We use ptrdiff_t instead of int to ensure the upper 32-bits
of the 64-bit argument are zero (otherwise they can contain arbitrary values).
;static void add_values(uint8_t *src, const uint8_t *src2, ptrdiff_t width)
INIT_XMM sse2
cglobal add_values, 3, 3, 2, src, src2, width
add srcq, widthq
add src2q, widthq
neg widthq
.loop:
movu m0, [srcq+widthq]
movu m1, [src2q+widthq]
paddb m0, m1
movu [srcq+widthq], m0
add widthq, mmsize
jl .loop
RET
The trick:
add srcq, widthq/add src2q, widthq— advance both pointers to the end of the bufferneg widthq— negate width so it becomes negative[srcq+widthq]— on first iteration, the negative offset points back to the original startadd widthq, mmsize/jl .loop—widthqapproaches zero bymmsizeeach iteration. It serves as both the pointer offset and the loop counter, saving acmpinstruction
Alignment
Many CPUs load/store data faster when it's aligned (memory address divisible by SIMD register size).
Where possible, FFmpeg uses mova (aligned move) instead of movu.

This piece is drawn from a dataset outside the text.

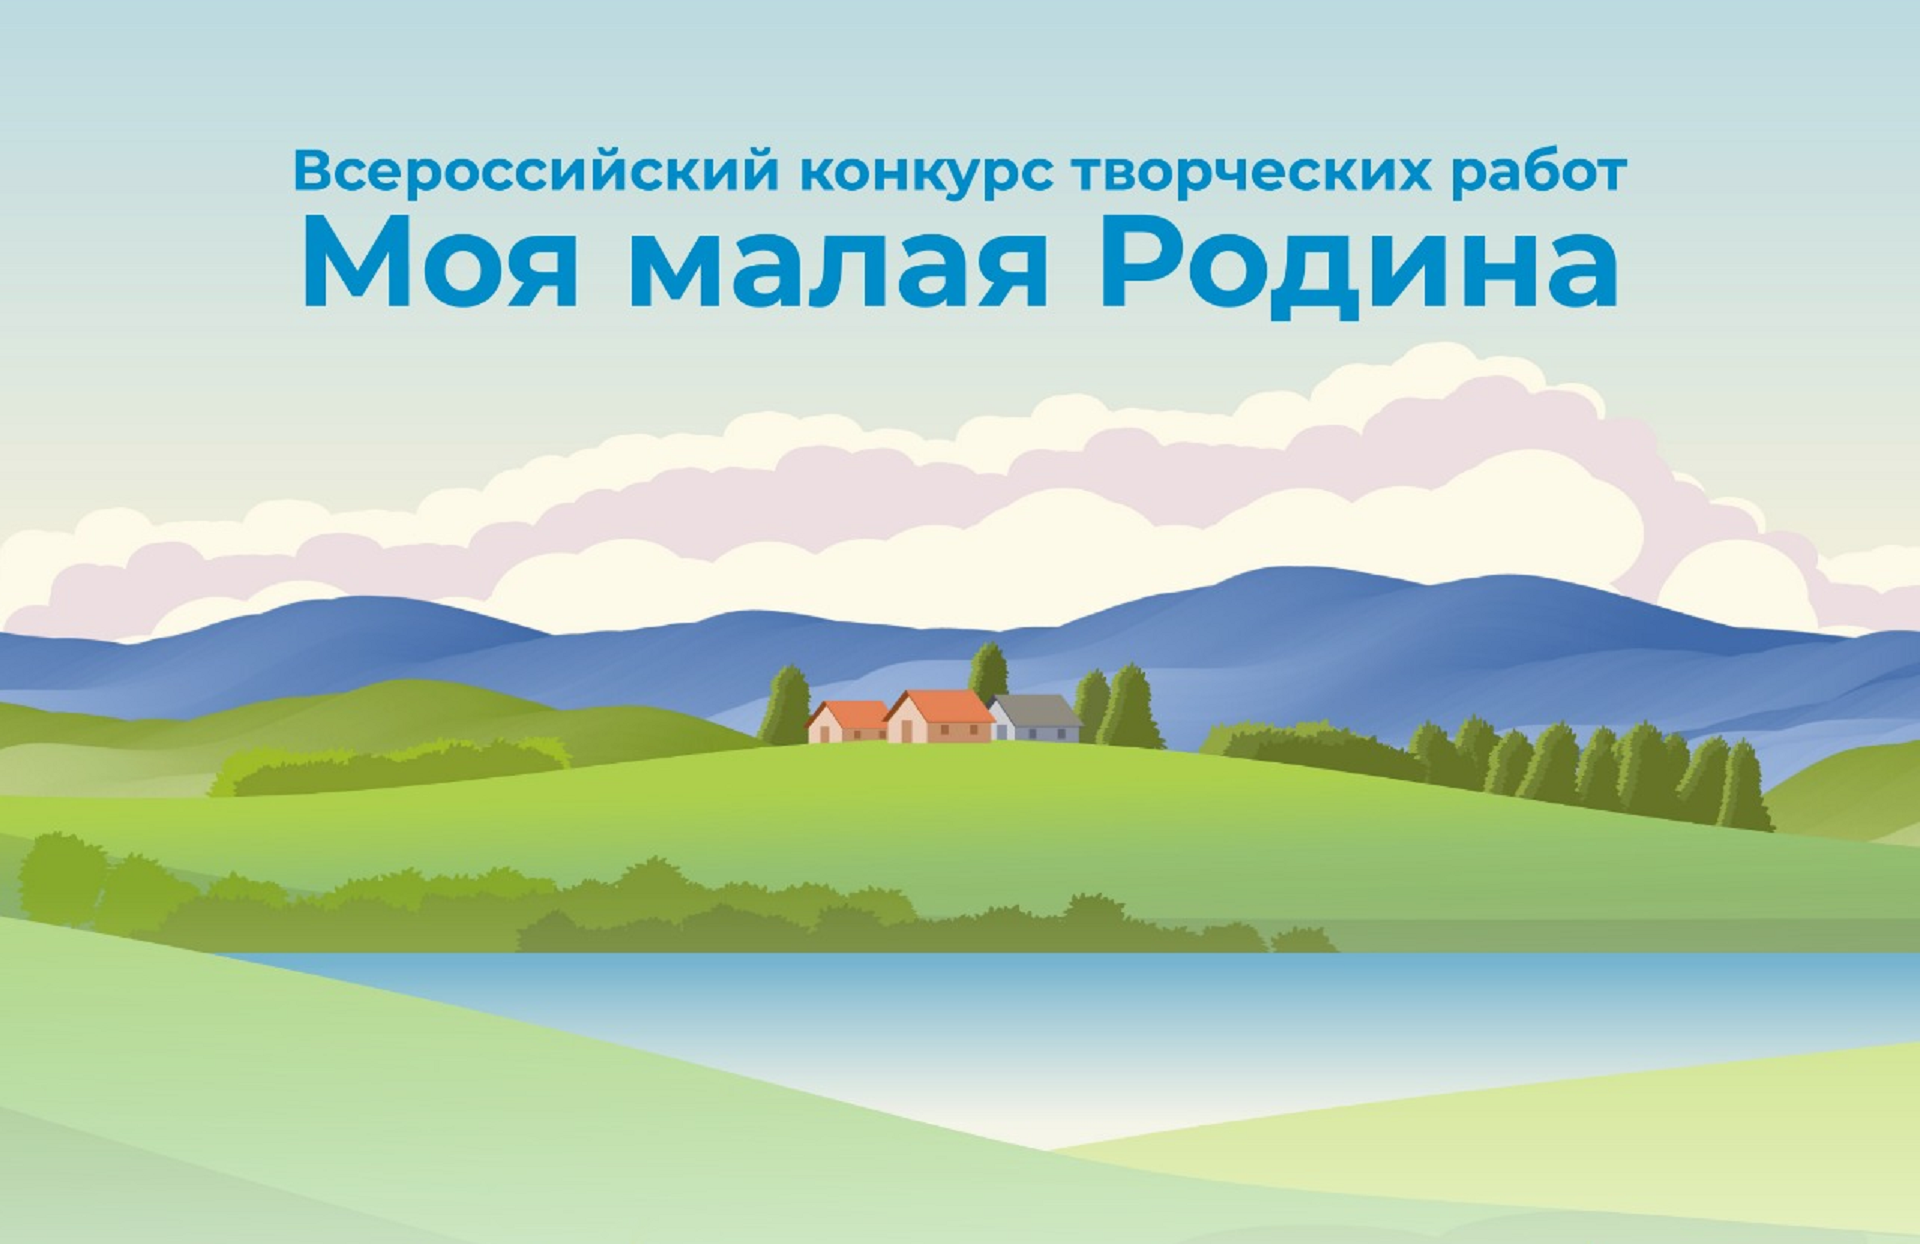 Сельская молодёжь запускает Всероссийский конкурс творческих работ «Моя малая родина»!
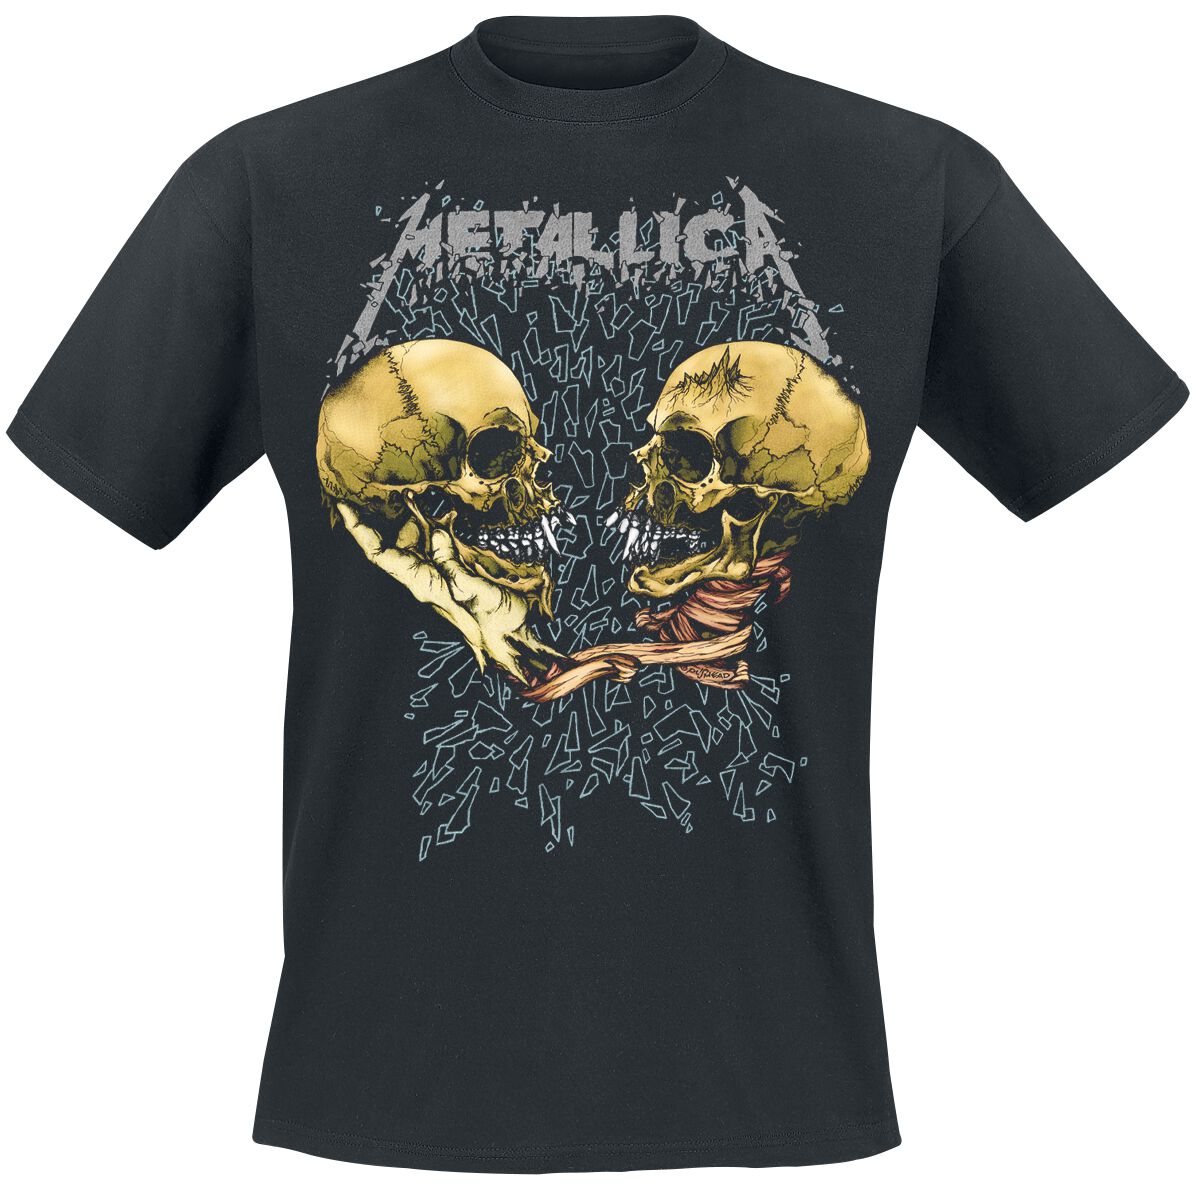 Metallica T-Shirt - Sad But True - S bis XXL - für Männer - Größe L - schwarz  - Lizenziertes Merchandise!

av_mallocprovides aligned heap memoryDECLARE_ALIGNEDprovides aligned stack memory- Using
movaon an unaligned address causes a segfault - Alignment must match register size: 16 for xmm, 32 for ymm, 64 for zmm
SECTION_RODATA 64 ; align beginning of RODATA to 64 bytes
Range Expansion
When a byte value exceeds 255 after an operation, it overflows. To handle this, we expand to a larger intermediate size (e.g. bytes to words).
Unsigned: Zero Extension
punpcklbw (unpack low bytes to words) and punpckhbw
(unpack high bytes to words) interleave bytes from two registers.
If the source register is all zeros, this interleaves bytes with zeros —
performing zero extension.
pxor m2, m2 ; zero out m2
movu m0, [srcq]
movu m1, m0 ; copy of m0
punpcklbw m0, m2 ; low bytes zero-extended to words
punpckhbw m1, m2 ; high bytes zero-extended to words
m0 and m1 now contain the original bytes zero-extended to words.
(Three-operand AVX makes the second movu unnecessary.)
Signed: Sign Extension
Sign extension pads MSBs with the sign bit. For example, -2
as int8_t is 0b11111110. Sign-extended to int16_t:
0b1111111111111110.
pcmpgtb (compare greater than byte) against zero sets all bits to 1
if the byte is negative, 0 otherwise. Interleaving with punpckX
performs sign extension:
pxor m2, m2 ; zero out m2
movu m0, [srcq]
movu m1, m0 ; copy of m0
pcmpgtb m2, m0 ; m2 bytes = 0xFF if negative, 0x00 otherwise
punpcklbw m0, m2 ; sign-extended low bytes
punpckhbw m1, m2 ; sign-extended high bytes
Packing
packuswb (pack unsigned words to bytes) and packsswb
(pack signed) go from words back to bytes, interleaving two registers into one.
Values exceeding the byte range are saturated.
Shuffles
Shuffles (or permutes) are the most important instruction in video processing.
pshufb (packed shuffle bytes), available in SSSE3, is the key variant.
For each byte, the corresponding source byte is used as an index into the destination. When the MSB is set, the destination byte is zeroed. Analogous C:
uint8_t tmp[16];
memcpy(tmp, dst, 16);
for (int i = 0; i < 16; i++) {
if (src[i] & 0x80)
dst[i] = 0;
else
dst[i] = tmp[src[i]];
}
SECTION_RODATA 64
shuffle_mask: db 4, 3, 1, 2, -1, 2, 3, 7, 5, 4, 3, 8, 12, 13, 15, -1
SECTION .text
movu m0, [srcq]
movu m1, [shuffle_mask]
pshufb m0, m1 ; shuffle m0 based on m1
-1 as a byte is 0b11111111 (two's complement),
so the MSB is set and the output byte is zeroed. Used for easy readability.